The posse had worked hard and soon amassed sufficient brick, so Sy's desire to press further into the zone wasn't governed
by any necessity. The impulse puzzled him – he felt the place's aura as strongly as any of his companions did – perhaps even
more. He had been among the most enthusiastic of the Hamsters when the bounds of the zone had been beaten that buddout. He
had lashed at the sawleaf and fireweed with such frenzy that the granddads had muttered among themselves: Eye rekkun ees earin
Dave on iz interkom. Now, the impulse to go further in, further than he had ever ventured before, was provoked as much by
the need to be alone with his secret mummyness as by any thought of what he might find there.

Beyond the clearing in which Symun found himself the true zone began. The yellow-flowering pricklebush was the plant of the
zone margin; in the interior it ceded to glossy-leafed rhodies that clambered over the hypogean brickwork, cracking it with
their woody roots. These dense shrubs had enormous white flowers, exuding a heady aroma that kept the insects away from the
zone. In turn, there was nothing for the landfowl to eat – not that there were many of these on Ham anyway, certainly compared
to Chil or the rest of Ing. Only handfuls of toms and bobs nested on the island, together with the ubiquitous flying rats.
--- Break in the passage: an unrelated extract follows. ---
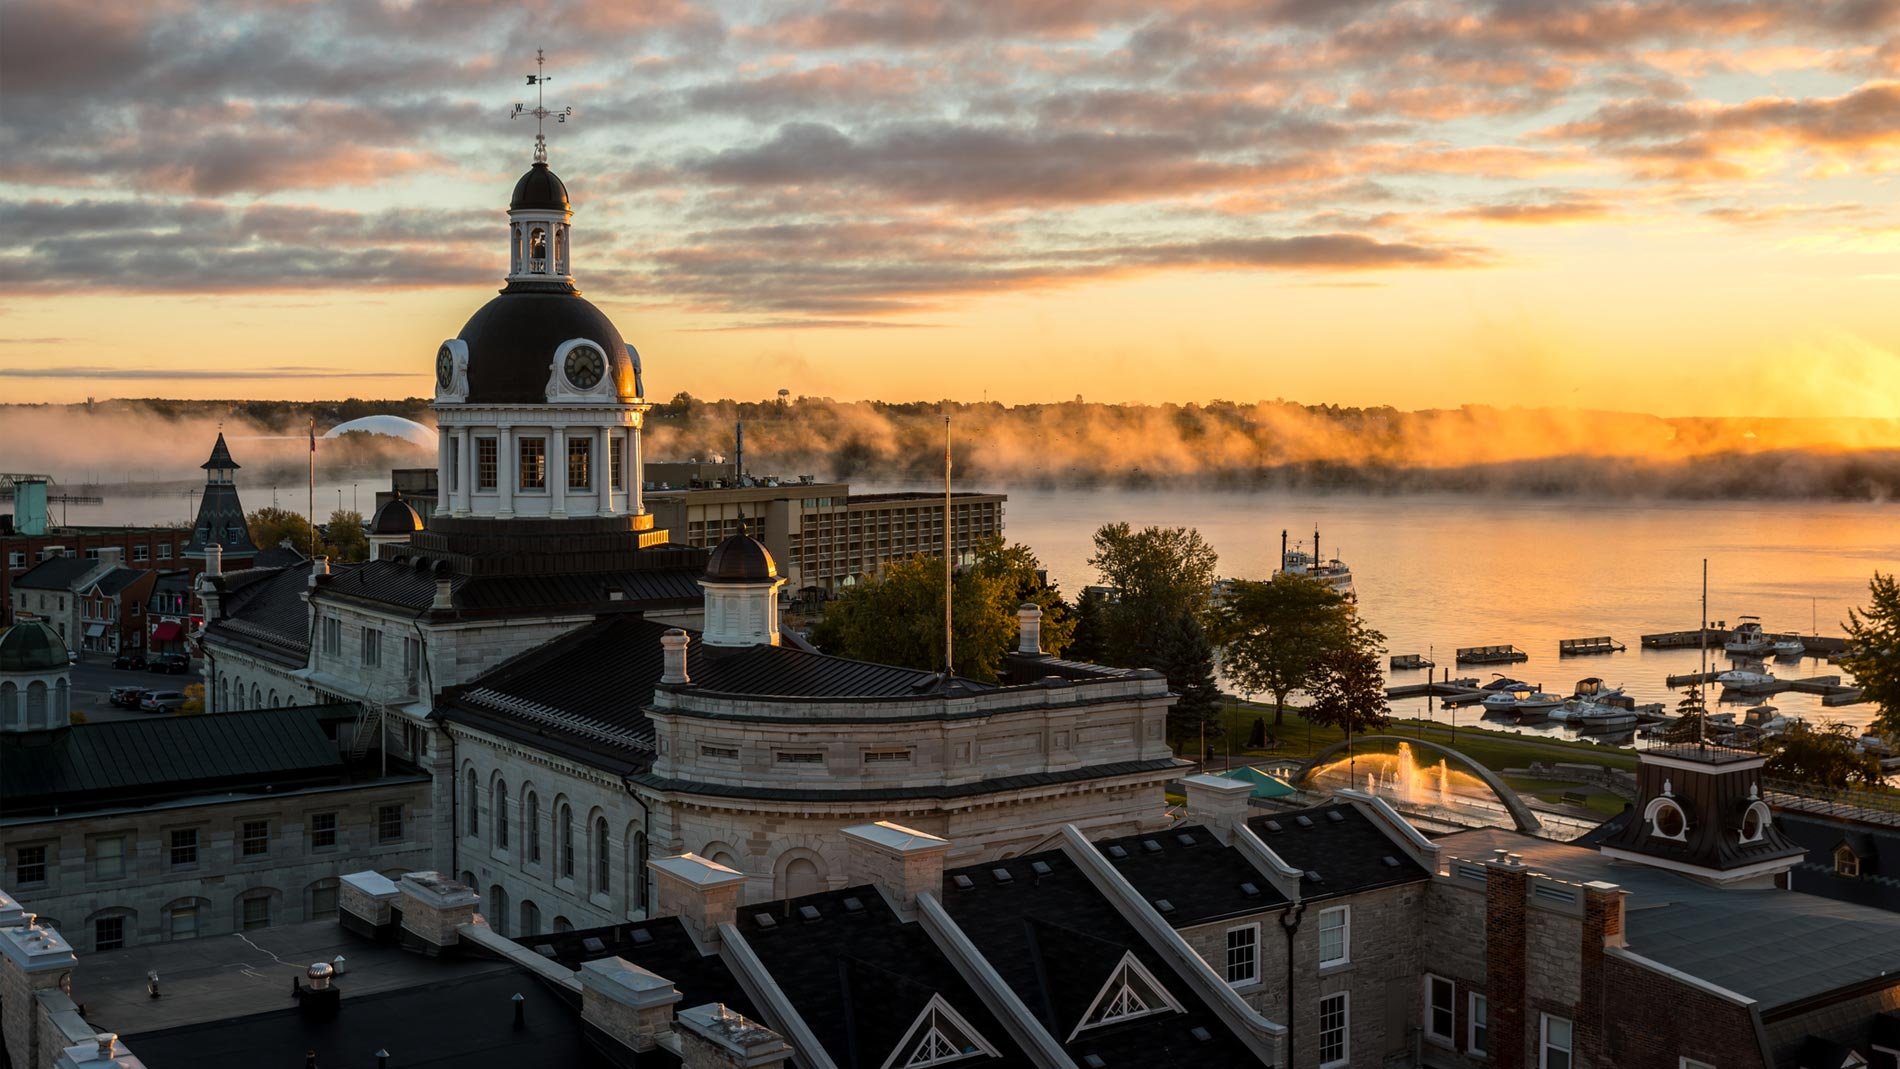 City of Kingston, Ontario at sunrise.

An occasional green ringneck whirred over Symun's head, and he could hear, higher up in the clouds, the unceasing lament of
the gulls. At ground level the zone was eerily quiet – even the voices of his mates, scant paces away, sounded muffled and
distant. The motos also found rhodies unpalatable, while in the very heart of the zone there were Utrees poisonous to them.
The granddads also claimed that the rats – which the motos kept down elsewhere on Ham – had colonies deep in the zone, vast
and labyrinthine nests from which they would emerge to gnaw to the bone any Hamster fool enough to breach taboo. Symun doubted
this – what could such rat colonies live on? There was no wheatie hereabouts, and, while gulls nested on the rocky bluffs
of the eastern shore, even massed rats were no match for aggressive oilgulls and blackwings. Besides, posses of Hamstermen
often went along these bluffs, netting prettybeaks in season; if there were rats there he would have seen them for himself.
No, the rat colonies were intended to frighten off anyone brave or foolhardy enough to penetrate too far into the zone; they
were part of the mystique of the place.